# FET - Is ET 2 hours after thawing too quick?



## Mouse123 (Jul 25, 2011)

Hi ladies

I've been reading through some of your posts on FET and I noticed many of you had your transfers quite a few hours, sometimes a whole day after they embryos had been transferred.  

I have just had my first FET and they thawed the embryos when I was there and then put them back  about 2 hours of them starting the thaw.  They said it only takes about 35 mins to thaw and about an hour for them to acclimatise.  When I asked how they were, they just said they were "great", but did not give me anymore info.

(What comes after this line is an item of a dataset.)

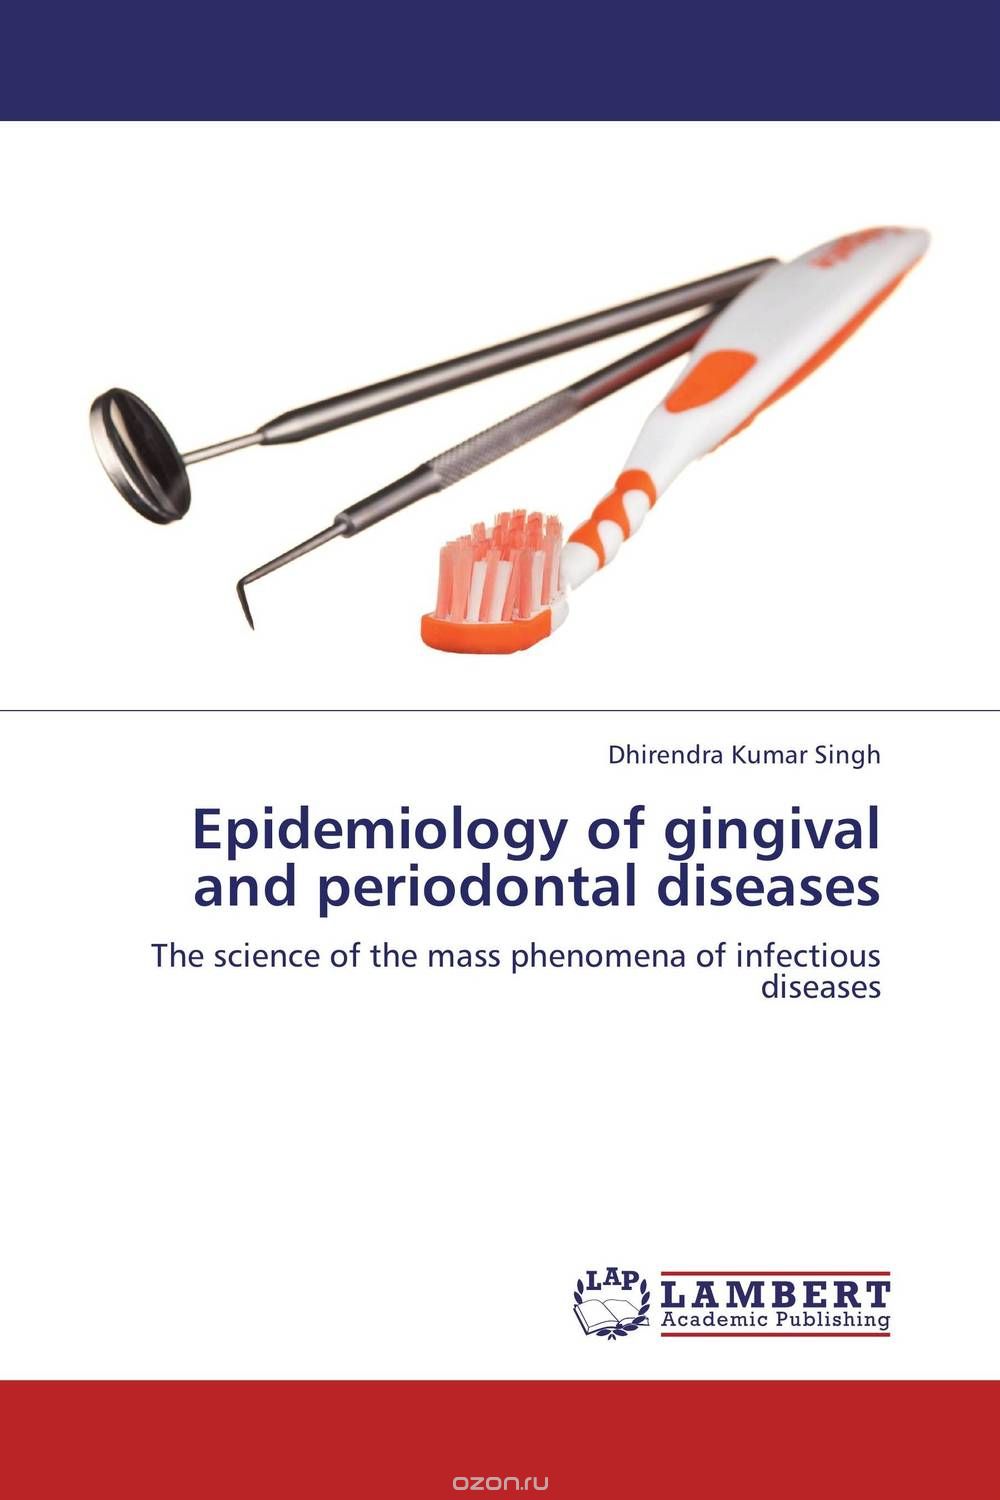 Скачать книгу "Epidemiology of gingival and periodontal diseases"

I do not have any idea if the time between thawing and them being transferred is ok.  I worry they were transferred too quickly and that perhaps the clinic should have waited a bit to make sure they really had acclimatised and started to develop.  I keep thinking perhaps they woud still be quite cold when they transferred them and being moved to my uterus which would be quite warm would be too much of a shock.

Sorry if this all sounds too irrational, but I know very little about FET.

Any advice is welcome.

Thanks

Mouse


----------



## staceysm (Nov 18, 2010)

Hi Mouse,

You need to trust your clinic, they do know what they are doing.  Remember, this is a procedure they have done thousands of times. 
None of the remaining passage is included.